Buy here pay here sales and collections can bring special problems to your accounting department. Having a related finance company (RFC) can also complicate your accounting. There are special relationships between various accounts on each company and between the companies.
When we review financial statements for our clients and prospective clients, we try to stand back and look at them for reasonableness. This includes not only the income statement but also the balance sheet accounts.
One way to review your income statements is to run your report with the months in the current year side by side. This makes it easier to compare missing expenses or spot expenses which are too high. Your income accounts can also be compared to see what trends are starting to appear, if any. Is your income trending up, or is it stagnant?
You should also prepare your income accounts by year side by side for the current year and at least the prior three to five years. This will show you your long-term trends. This report works well to prepare projections for the future and show you what it takes to get there. You should be able to easily see where you have been and insert your projection of where you want to be to find out what kind of change it is going to take to achieve your goals. You may find out there are various accounts which should have corresponding relationships with other income or expense accounts, but don’t.
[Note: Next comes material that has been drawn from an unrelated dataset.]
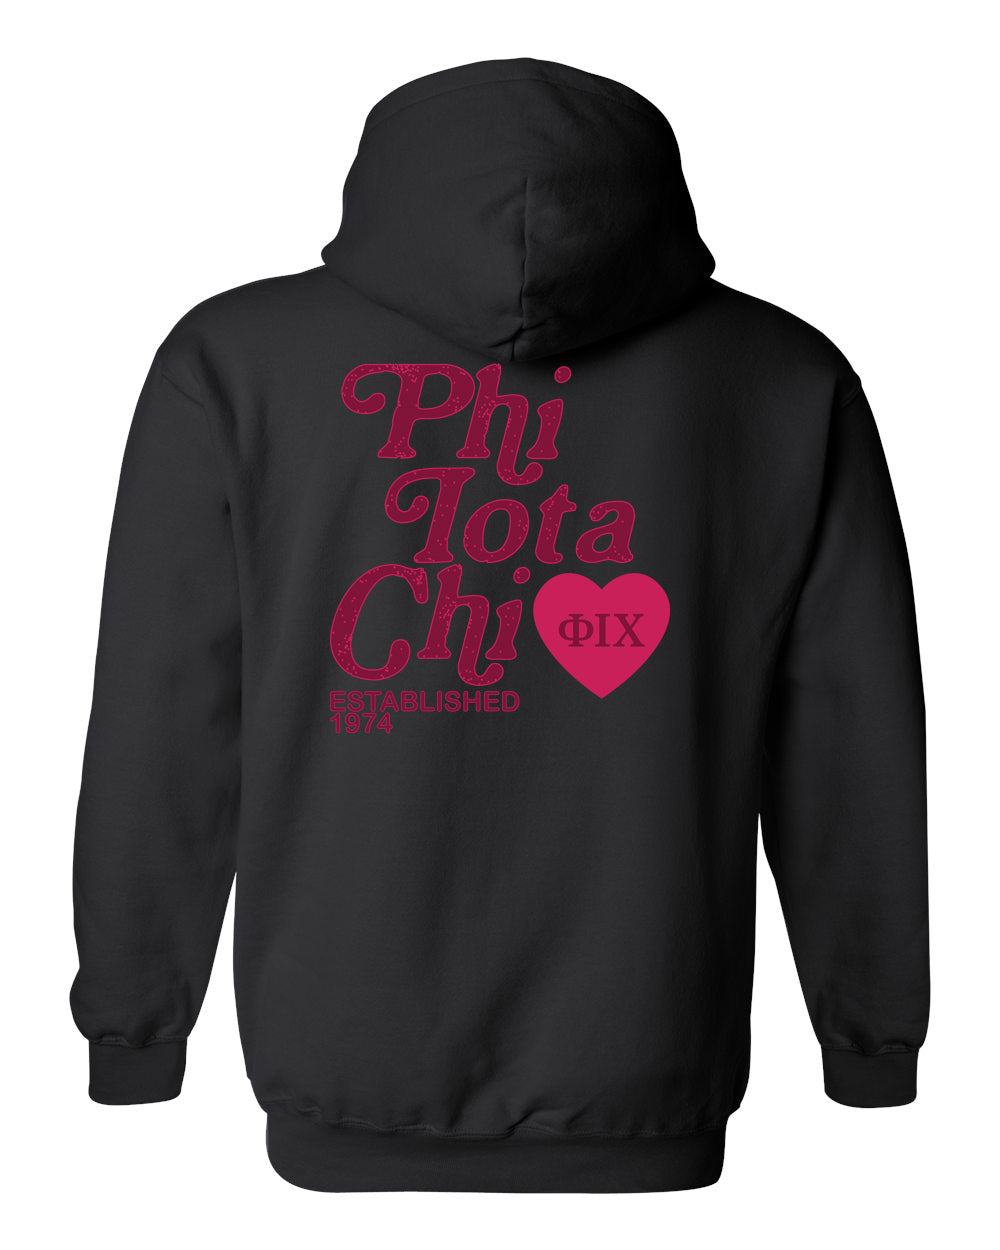 a black hoodie with a pink heart on it

When reviewing your balance sheet you can and should compare it the same way as your income statement. The balance sheet comparison will show you the changes in assets, liabilities and net worth on month-to-month and year-to-year bases. Your change in accounts will indicate where your cash flow is going. If your assets, other than cash, are increasing without a corresponding offset in a liability account, then your cash flow is going out. If your liabilities are increasing, it can be a sign of cash flow going in, as you are not spending it to pay your liabilities. This is a very simple way to look at cash flow. There are many other indicators of cash flow activity, but that is for another article.
On your RFC, we look for certain relationships of your notes receivable principal balance to unearned discount income and the allowance for doubtful account adjustments for GAAP financial statement presentations. Your unearned discount income on the balance sheet should be a percentage of your notes receivable. This percentage should be equal to the percentage of discount loss you have taken on the various pools of notes purchased from your dealership which are still in your current portfolio. The percentage may not and probably will not be exactly equal to the percentage you used when selling the notes.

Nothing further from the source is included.